If 2000 ad truly wants to provide an alternative to what editor Matt Smith implied was the male-centric product of Mark Millar’s ‘Clint’, then it needs to do something more than present men and women as cut from fundamentally the same grey cloth while being put into service as one-dimensional game-pieces. In certain strips it does just that, such as in ‘The Chief Judge’s Speech’ in the Christmas special, where the reader was given an adventure story, and political satire, and social comment, and a loathing for the powers-that-be, and a series of good long belly laughs too. In fact, so grounded in a recognisably human situation was ‘The Chief Judge’s Speech’ that it almost didn’t matter that it was a story lacking even one substantial role for a single recognisably female character at all. It was a story that was strong on the business of what it is to inhabit a corrupt society at a time of debased celebration, and so it’s perfectly understandable that the specific issue of gender might not be a priority. After all, short stories using established characters can’t possibly attend to every social dilemma that might be considered important. The problem of a lack of meaning exists not when a strip has attended to one human, social problem rather than another, but when creators engage with no human problems at all except for those tenuously concerned with laser guns and monsters and their like.

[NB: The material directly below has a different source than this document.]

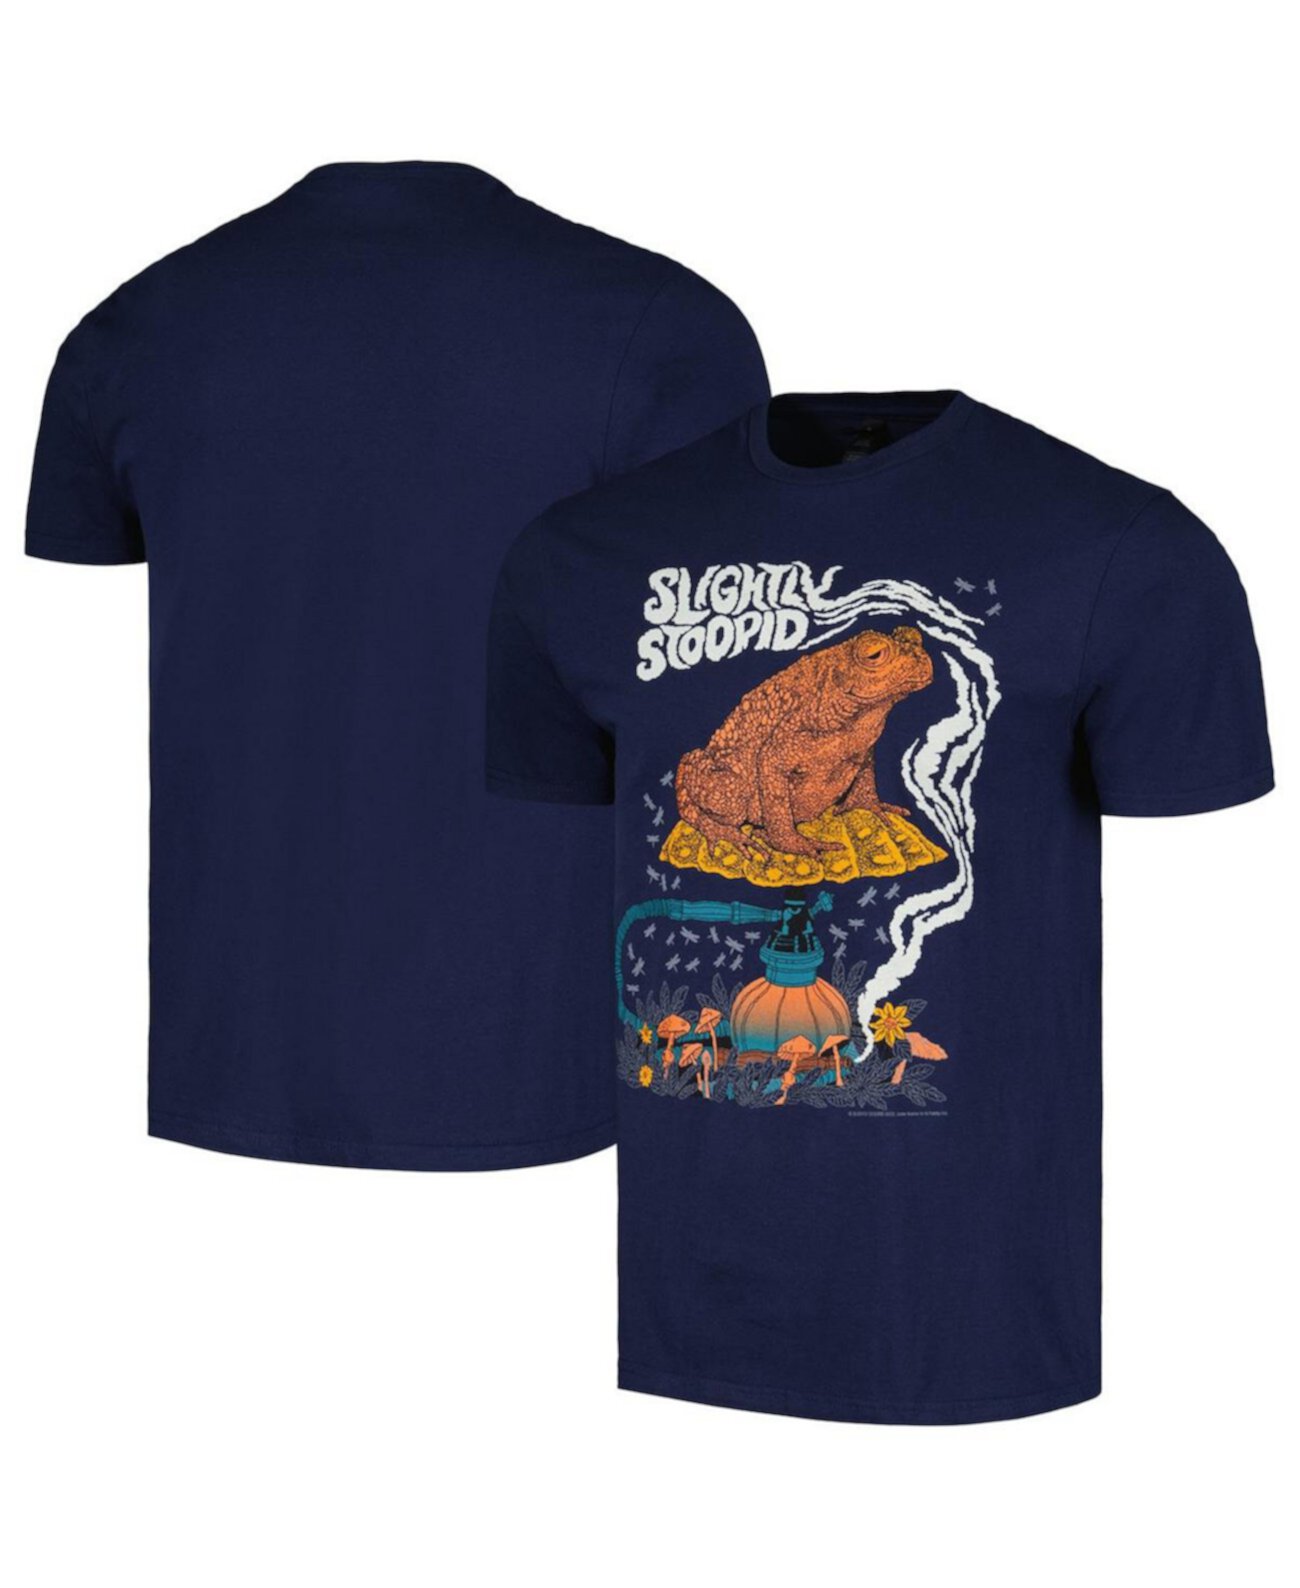 Men's and Women's Navy Slightly Stoopid Smoking Toad T-Shirt HiFi Entertainment

And so, when matters of social justice and human interaction aren’t a priority, the old male-centric narratives seem to re-emerge unchallenged, because, in truth, they far too rarely have been challenged, and so they’ve never been truly put to bed.
What is ‘Kingdom’ about beyond the most standard-issue of adventure yarns, and why should the reader care?
4.
In ‘Necrophim’, as best as I can understand, for it’s another strip which has apparently been written without an excess of care for the reader who’s new to its world and its key players and events, there is but a single female character, a succubus, who uses her sexual powers and her utter ruthlessness in an attempt to attain her will. Beyond her scheming presence, ‘Necrophim’ appears to stand quite empty of any other female characters at all. Still, in terms of the presence of significant speaking roles held by women, this does put ‘Necrophim’ ahead of quite 50% of the stories in 2000ad’s 100 page Christmas special, but that’s the smallest of mercies.
To have but a single woman in ‘Necrophim’, and to associate her with the role of the evil sexual seductress come to power, and to then provide no-one else of her gender as a point of contrast even where the business of wickedness is concerned, is surely more than just a touch insensitive, and surely a mark of a lack of ambition where the whole matter of sex and gender is concerned.
Did no one notice there was but one woman in the whole of ‘Necrophim’? Did no-one care?